L’ABCD de l’obscurantisme
Une tribune de Jean-Marie Salamito, Professeur à la Sorbonne et membre de l’Academia Europaea, à l’annonce de Benoît Hamon sur les expérimentations de l’ABCD Egalité.
Avec l’ABCD de l’égalité, à l’essai dans une dizaine d’académies, quelques pédagogues officiels s’imaginent abolir les inégalités entre filles et garçons.
Beau projet, généreuse intention. Mais comment y croire ? Ce manuel regorge de naïvetés et de confusions. Il prétend viser l’égalité des femmes et des hommes, mais il met en œuvre leur indifférenciation.
Aux psychologues de signaler les risques que cette « expérimentation » fait courir à la construction d’identité sexuelle des jeunes enfants.
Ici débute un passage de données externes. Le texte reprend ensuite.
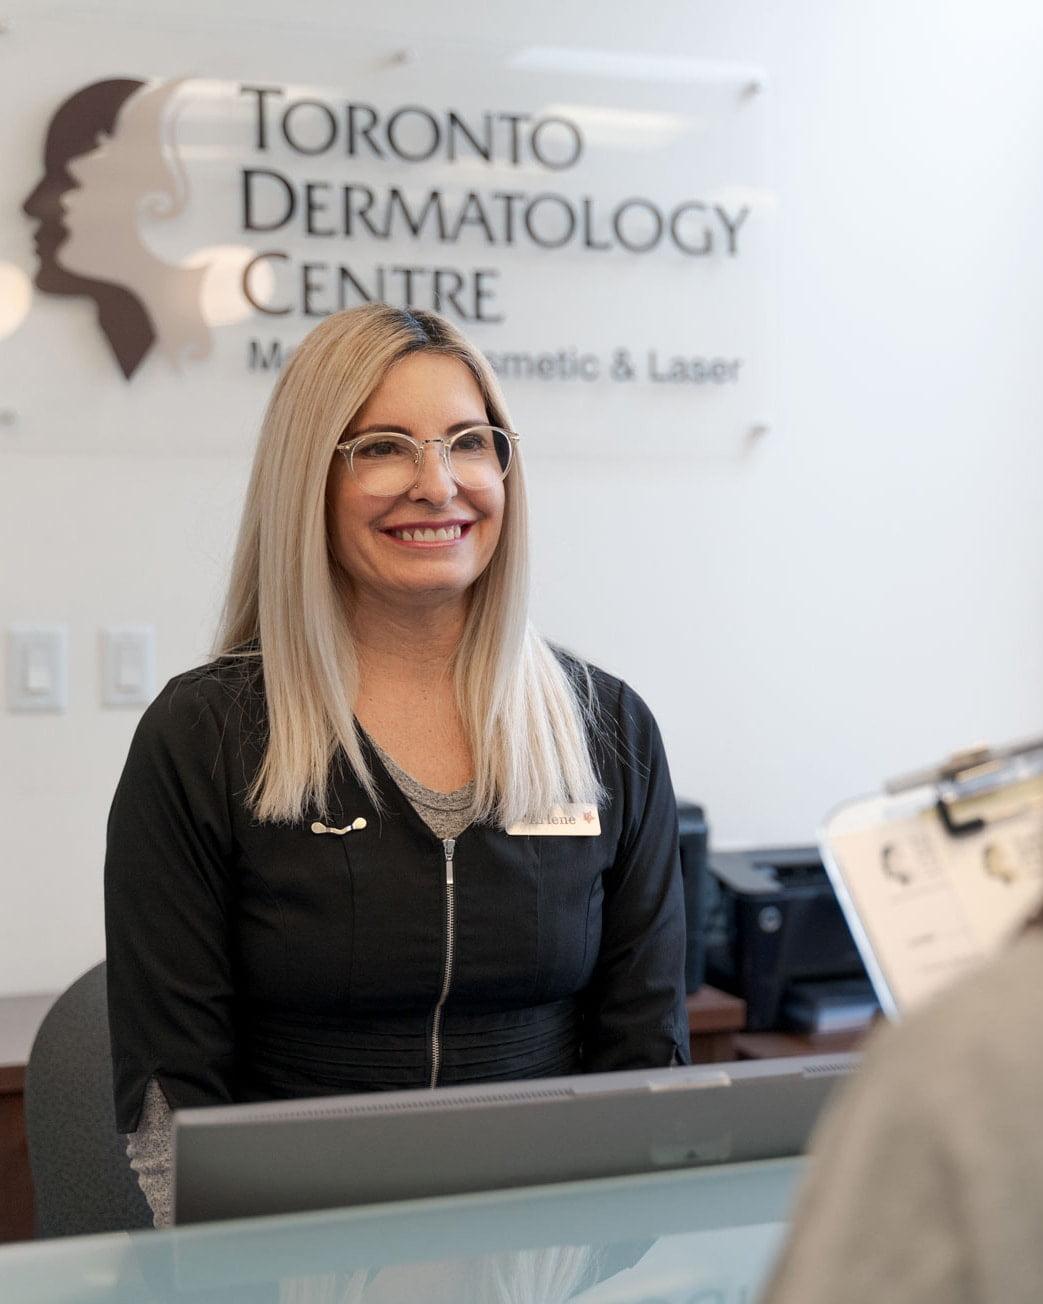 Cosmetic Clinic Photography - Carolene Studio

Aux juristes d’expliquer comment l’État, en s’immisçant à ce point dans l’intimité des tout-petits, bafoue les droits des familles. Je souhaite seulement dire ici que cet ABCD procède d’une méprise sur l’idée même d’éducation.
Par son obsession de chasser les « stéréotypes de genre » (lesquels ne sont jamais définis), ce projet est plus négatif que positif. Il relève de la répression plutôt que de la formation. Or, la mission des enseignants ne consiste pas à considérer les enfants comme remplis de stéréotypes qu’on aurait le devoir de leur arracher, comme pervertis par des clichés dont il faudrait leur inculquer la honte, comme viciés par des familles dont on devrait les éloigner le plus possible. Va-t-on chercher des idées reçues dans le cerveau des gamins comme on fouillerait dans leurs cheveux pour en retirer des poux ? Non, éduquer, ce n’est ni rééduquer ni éradiquer. Ce n’est ni dresser ni redresser. Le redressement, il y a eu des maisons pour ça.
Éduquer, c’est faire confiance aux êtres humains, parler à leur intelligence et à leur liberté, reconnaître la force d’attraction du vrai, du bien et du beau, respecter l’élan vers le haut qui existe en chaque personne. Pari optimiste et courageux, fondé sur un humanisme très différent de cet hédonisme forcené auquel la gauche de pouvoir a récemment sacrifié ses idéaux.